George’s worldview is a dark one, but one that’s difficult to argue with, and perhaps that’s why we continue to pay special attention to him. Its peculiar universality allows almost anyone to adopt his profound insights. When you read his work, his thought process usurps your own, persuading you that what he writes is what you’ve always believed. This power would be frightening in a writer with more sinister aims, but George harnesses it to expose the evil he sees in the world, without any trace of piousness, pretentiousness or sentimentality. We will always need more of this kind of writing. As long as the world’s situation seems grim, you can usually find some parallel in George’s writing, and since the world often looks grim to those living in it, he will always be one of our most important writers.
* * *
George’s vivid imagination didn’t always result in such doom. He could imagine perfection as well as he could tragedy: “A Nice Cup of Tea” is a solemn manifesto for crafting the perfect cup of tea, and his playful discussion of the “perfect pub,” the fictional Moon Under Water, gave rise to an extremely successful chain of English pubs known as Wetherspoon’s. Had he not died young, he might have lived to make a fortune off his ideas, or at least been able to enjoy a creamy pint of draught stout at a version of his personal pub paradise.
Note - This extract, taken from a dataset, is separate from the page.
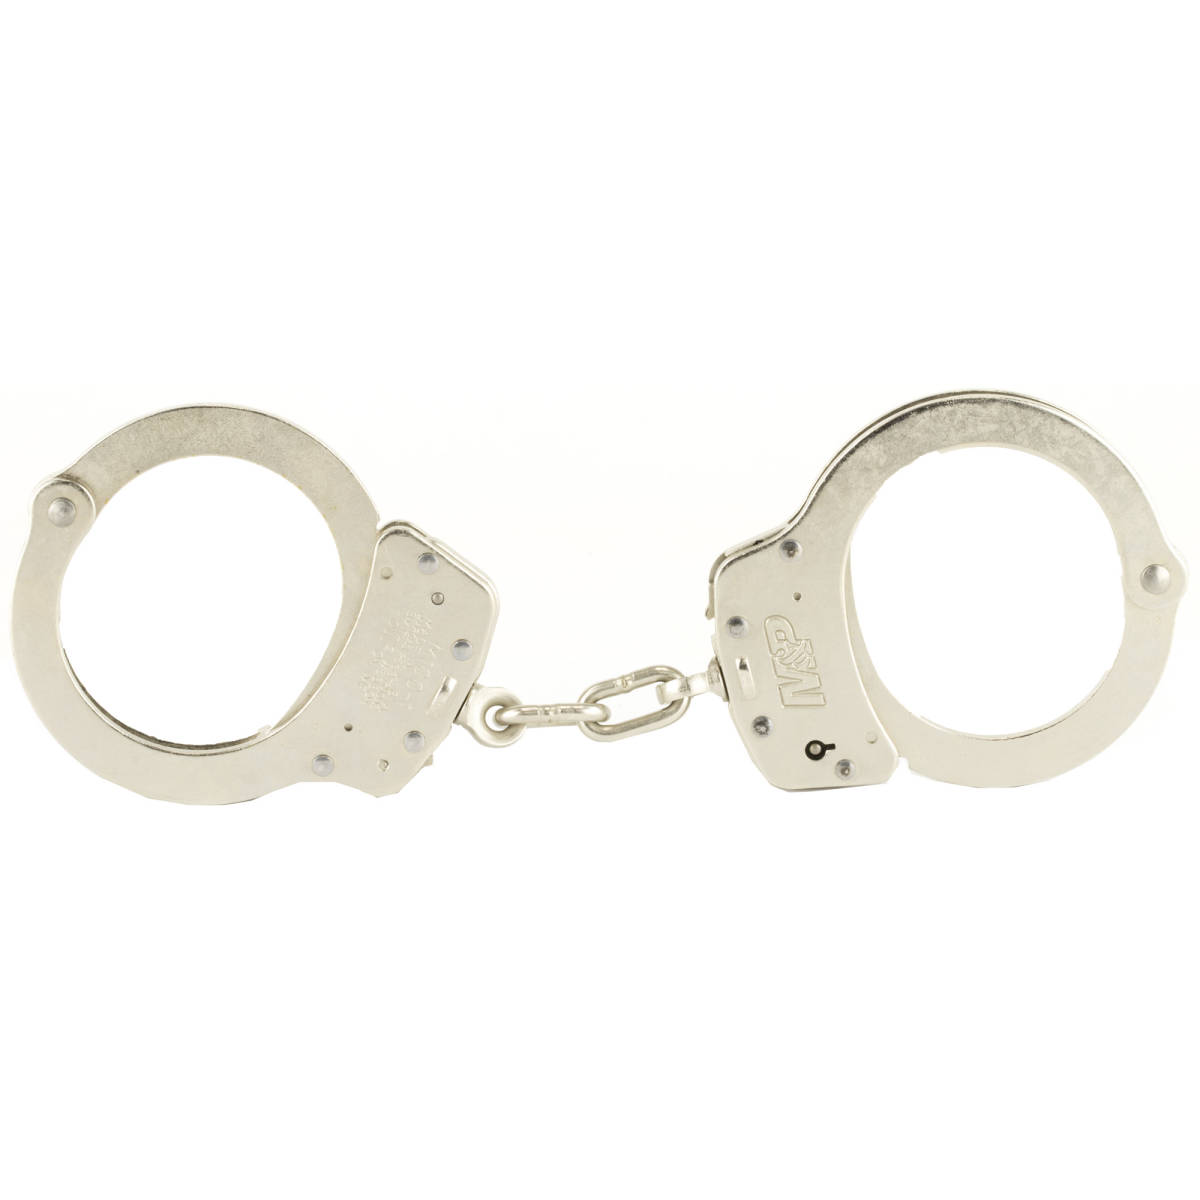 LESW 350122 100 MP LVRLCK HANDCUFFS NKL LE-img-0

Wetherspoon’s isn’t quite perfect, however. Its pubs use handle-less, transparent mugs, anathema to George, and there are generally no bar games such as darts, an important if not essential trait of George’s perfect pub. It’s not his Moon Under Water, a small picture of personalized perfection which, like the perfect world he fought for in his writing, does not and will not ever exist outside of George Orwell’s mind.
But I can imagine myself sitting in that semi-magical place, surrounded by its moody Victorian majesty and hushed atmosphere, its pewter pots and pink china, discussing the world with old George. Where are we going, George? I’d ask him. Are we going to make it through these tough times? Is there any hope for us Americans, we who have lost our way?
Gloomy George probably wouldn’t have anything positive to say, but I’d still clink my pewter mug with his and propose a toast: to the perfection George Orwell so desperately wanted to see in our world and ourselves. We may never get there, but thanks for trying, George.